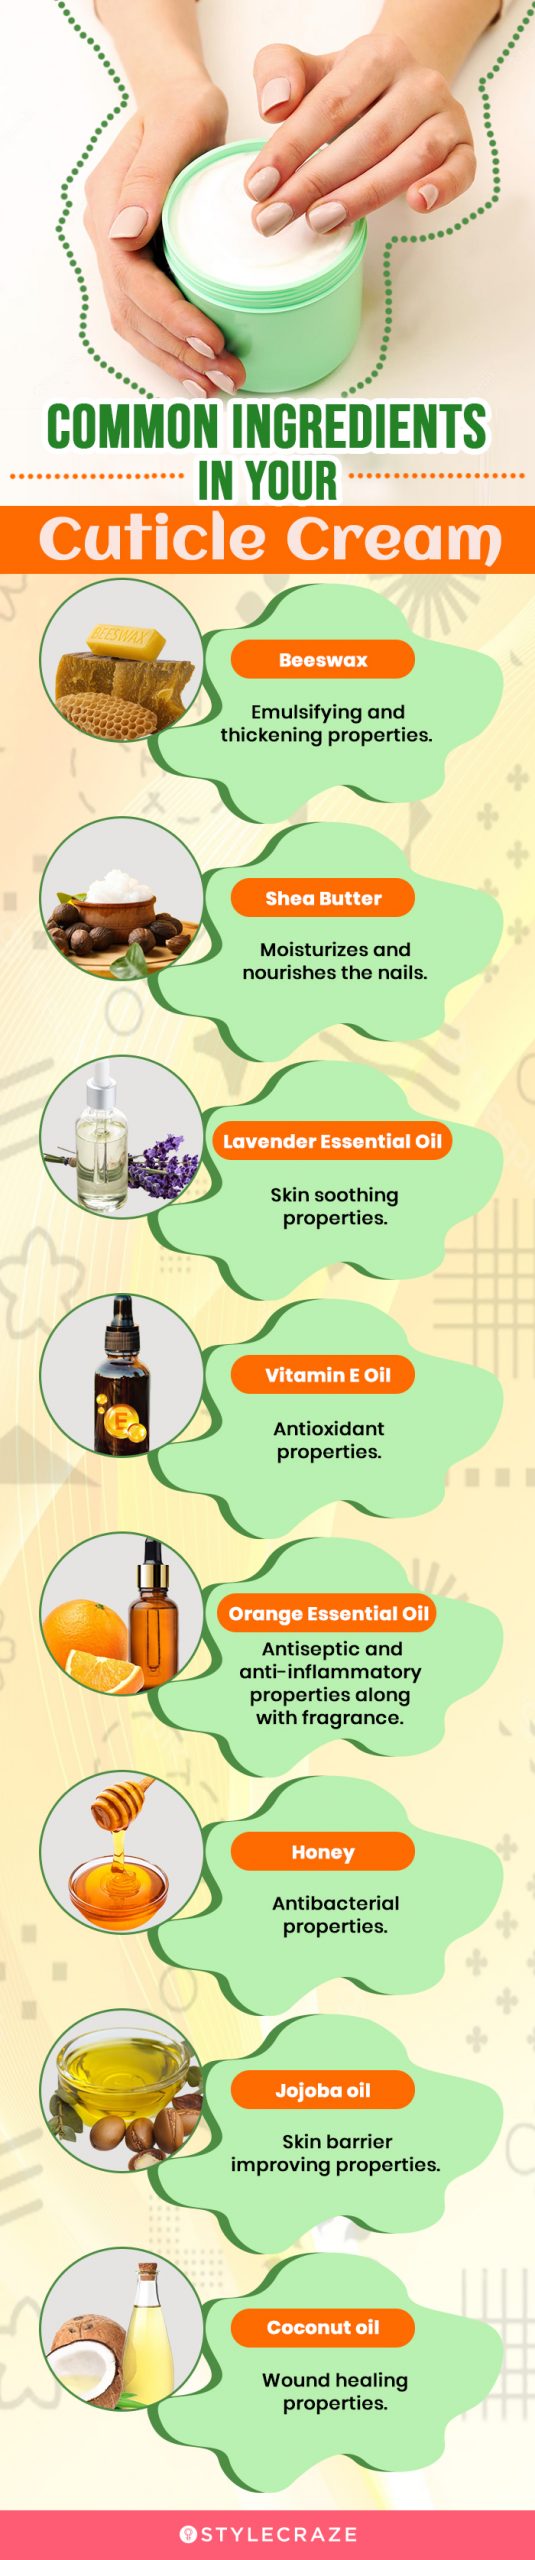 Common Ingredients In Your Cuticle Cream (infographic)
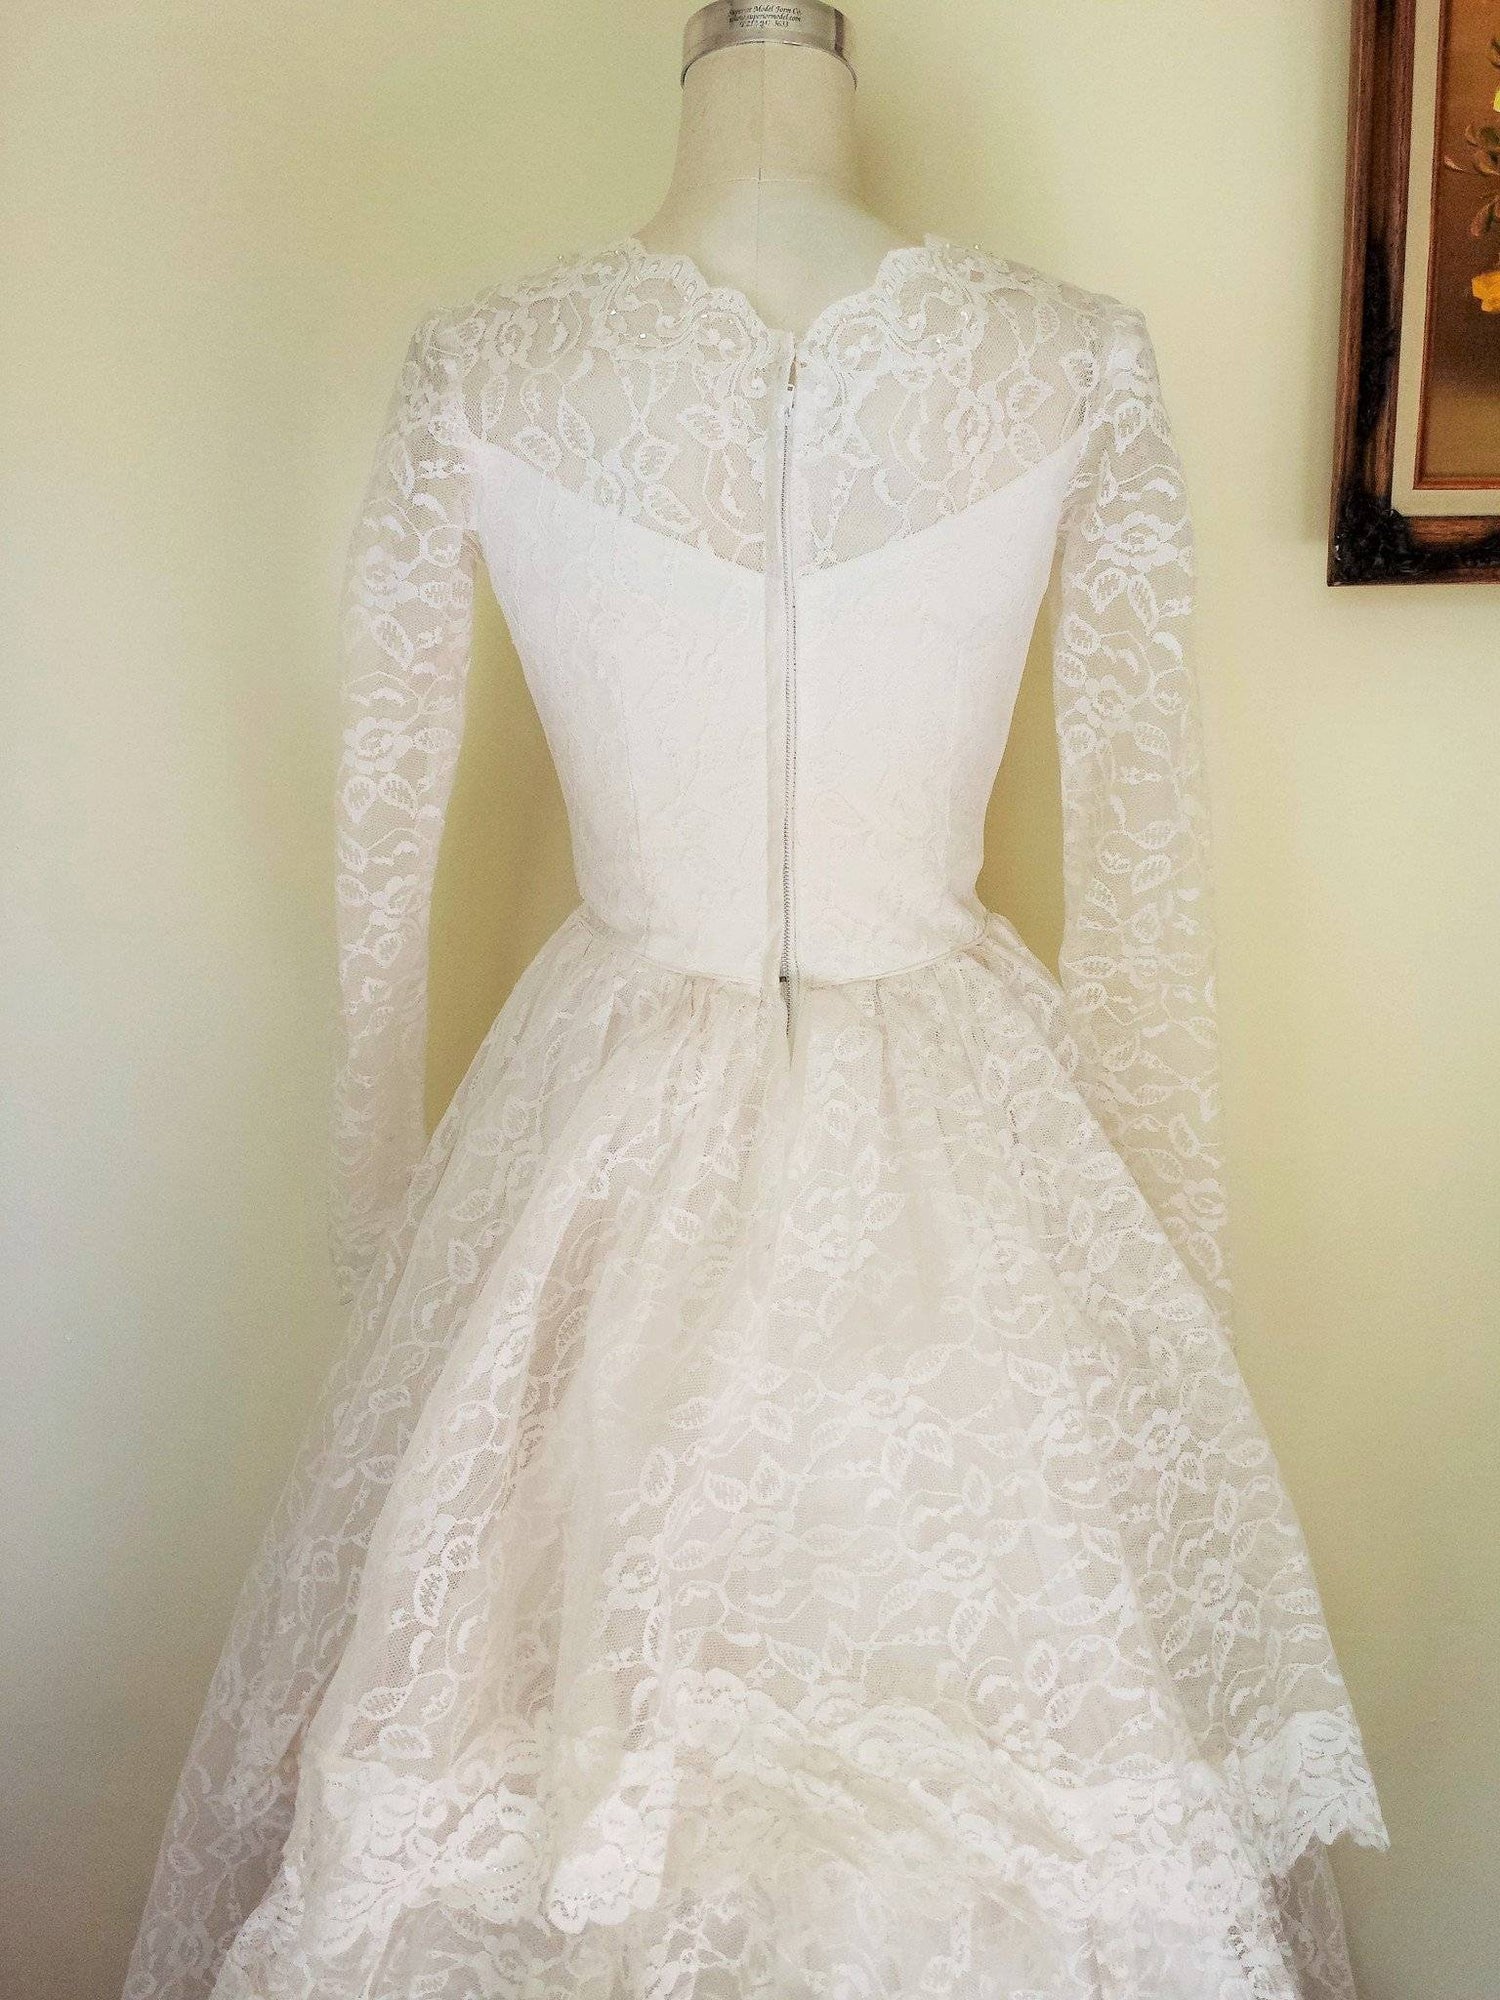 Vintage 1950s Grace Kelly Style Lace Wedding Gown-Toadstool Farm Vintage-1950s Dress,1950s Weddind Dress,50s Bridal Gown,50s Dress,Bridal,Bride,Grace Kelly Style,Lace Skirt,Metal Zipper,Vintage,Vintage Clothing,Vintage Dress,Vintage Dresses,Vintage Wedding Gown
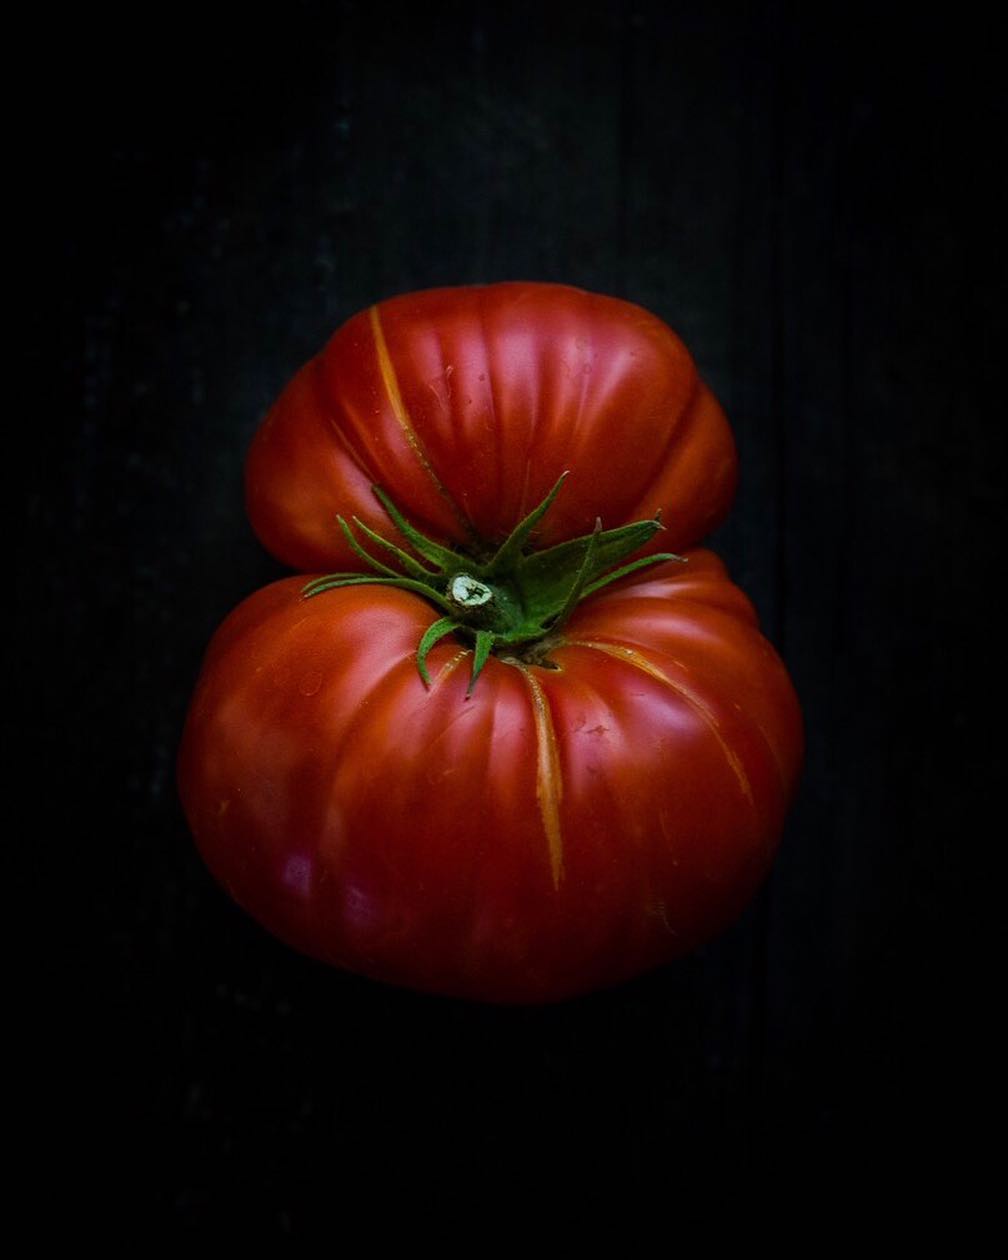 Portrait of a sultry tomato

→ **What this task involves**:
Copy all the lines of data exactly as they appear, dropping any images.

→ **Answer to this exercise**:
 Common Ingredients In Your Cuticle Cream (infographic)
 Vintage 1950s Grace Kelly Style Lace Wedding Gown-Toadstool Farm Vintage-1950s Dress,1950s Weddind Dress,50s Bridal Gown,50s Dress,Bridal,Bride,Grace Kelly Style,Lace Skirt,Metal Zipper,Vintage,Vintage Clothing,Vintage Dress,Vintage Dresses,Vintage Wedding Gown
 Portrait of a sultry tomato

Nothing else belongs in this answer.